So is it a website/webapp with a desktop first and mobile second approach or the other way around?
Waveform
A place to talk about how we organise ourselves.
It is a website/webapp yes. I don't think it is big enough to be mobile or desktop first. It should work well on either.
Basically there will be 3 pages:
- Upload a new clip (to get a link)
- View the clip (visit the link)
- Embedded widget
All three of these should work on mobile and desktop.
I also started a poll to figure out which themes people use. If it has a mixed outcome I may want to facilitate automatic light/dark theme switching based on browser preferences.
Oh okay, I was under the impression that you wanted to build a new (separate) website/webapp and not just augment this instance. Or not, as you were talking about embedding a widget?
I have some know how regarding UI/UX-Design, though.
I think building a full replacement for the current UI would be too involved. I am talking about an additional service to augment this instance (which would be hosted on clips.waveform.social).
So basically people will go there, drop/upload a file and get a link to be able to create a post on this instance.
Lemmy already supports embedding post content if the target site supports embedding (through opengraph metadata) which is why we can easily embed the media into the post.
If you're willing to design some pages that would be awesome.
So in essence an imgur but for audio.
Instead of a grid of images you have a list of audio clips (represented as waveforms for example), perhaps annotated with metadata, tags and or a short descriptive text (what about deaf people?).
Could people just drop-in audio without the need to register, what about deletion. What about copyright claims/DMCA? Can people edit/manipulate their uploads?
What about discoverability, would there be a search function or should it just be a dump space for which you get a link as a reference to your uploaded audio file?
It's way simpler than that. No lists, no accounts, no search. You literally just upload a file and get a link to a viewer/player. The main place to be will still be waveform.social, this clips thing is just a way to upload media to get a link to share on waveform.social.
With regard to copyright claims: a link to send an email in the footer would be enough. I can go and delete any infringing content.
If at some point people would like to do more (like delete their content) then we can add it at that point. But right now I want to do the simplest thing that could possibly work.
I see.
I guess you can just use the same look and feel of your instance. And take the create post
screen as reference.
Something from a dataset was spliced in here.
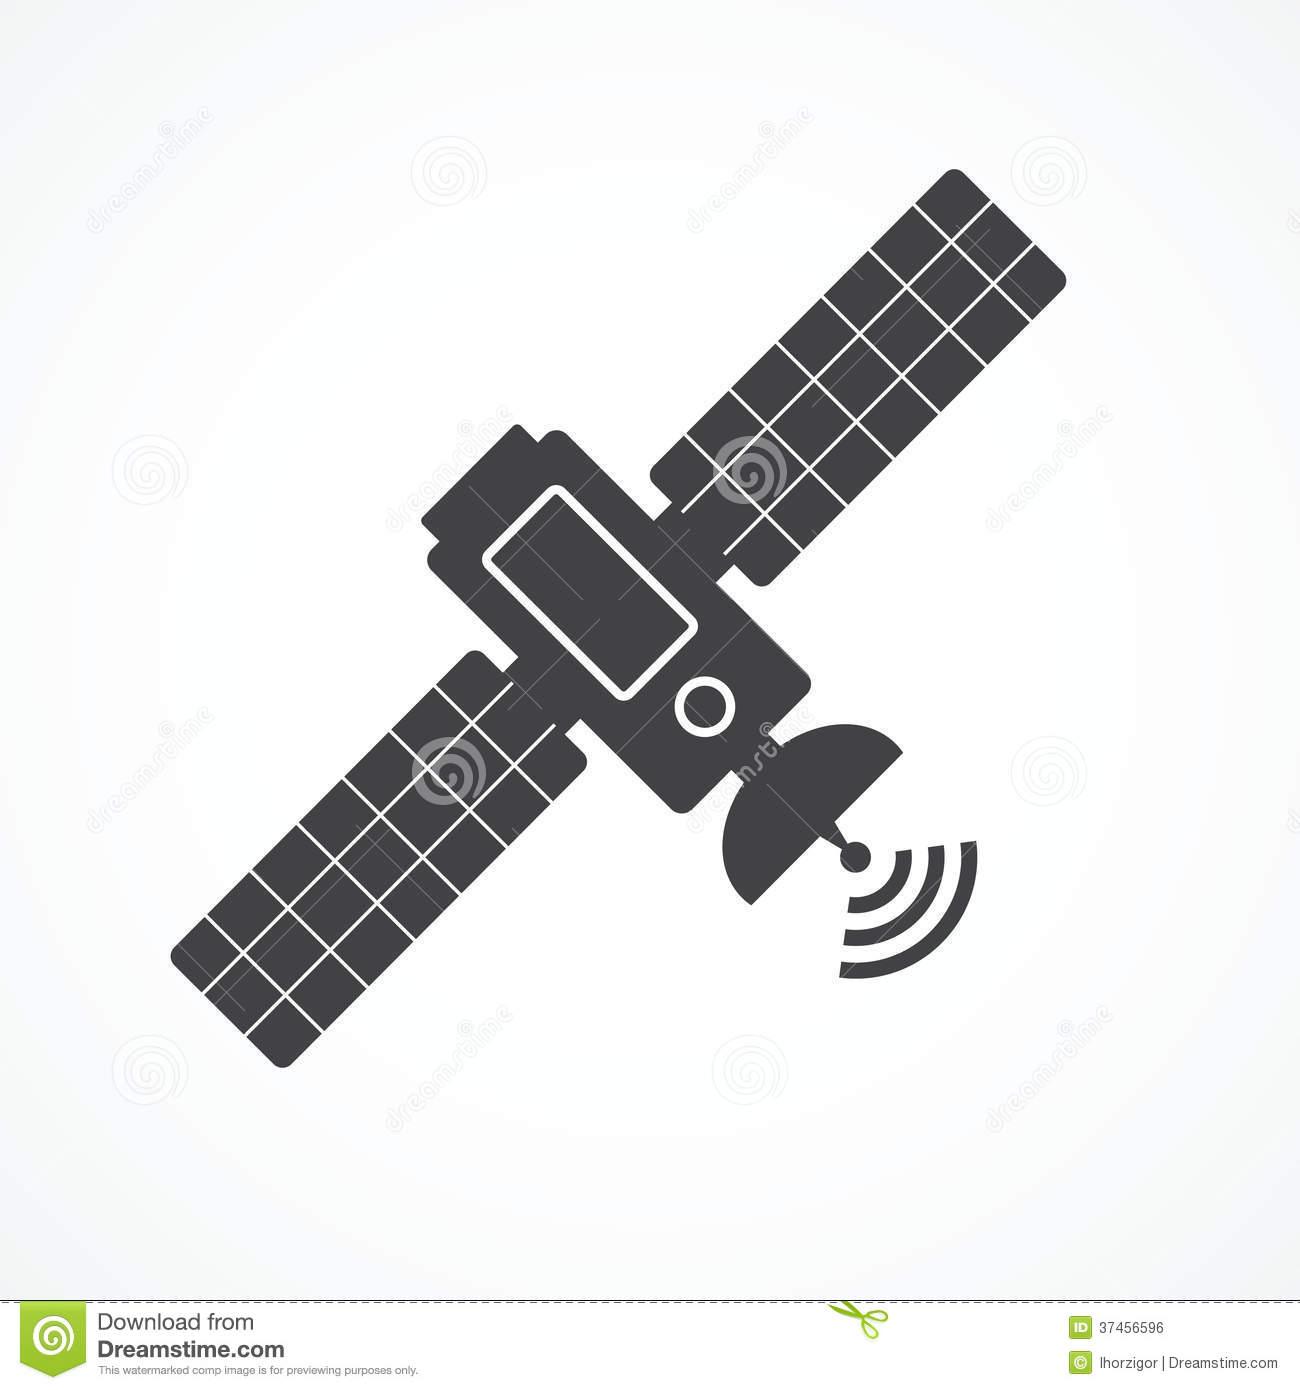 Gps Satellite Clipart.

Instead of uploading an image, you change it to accept audio/*
instead.
Once the audio is uploaded, you can process it via ffmpeg
to turn it into a visually appealing waveform png you then can show the users. Next to it would be a play and pause button, and seeking is done by sliding over the waveform (it also shows the current location by graying out the given portion like a progress bar).
Once an audio is uploaded, you also could generate a UUID to reference that exact post for embedding or linking.
In embedded form: you see the same playback controls as the uploader, including the waveform.
I could imagine something with flask- html - css. Ive at least seen a drag and drop component in flask. Iḿ experimenting a lot with webservices lately like my 4-tracks beat site. Not sure if Iḿ up to anyones standrads but I could probably write a working and acceptable looking UI for that.
Problem is that Iḿ currently focused on stuff I need to get down in this month. So maybe in the long run I could help with that.
This post came up when I searched the lemmyverse for "imgur but for audio". I'm loving the idea.
I've been looking for a way to hot link audio into my Lemmy comments using the ![]()
markup but the problem is either Lemmy doesn't render audio urls as audio elements or the website I'm linking disables hotlinking. I can't tell.
If you don't mind the default Lemmy ui look then you can easily copy them over, because it uses Bootstrap 5. I've also seen elsewhere on the lemmyverse instances who ask their users to use an external affiliated file host that runs a linx-server instance. A simple off the shelf server that you can spin up in a docker.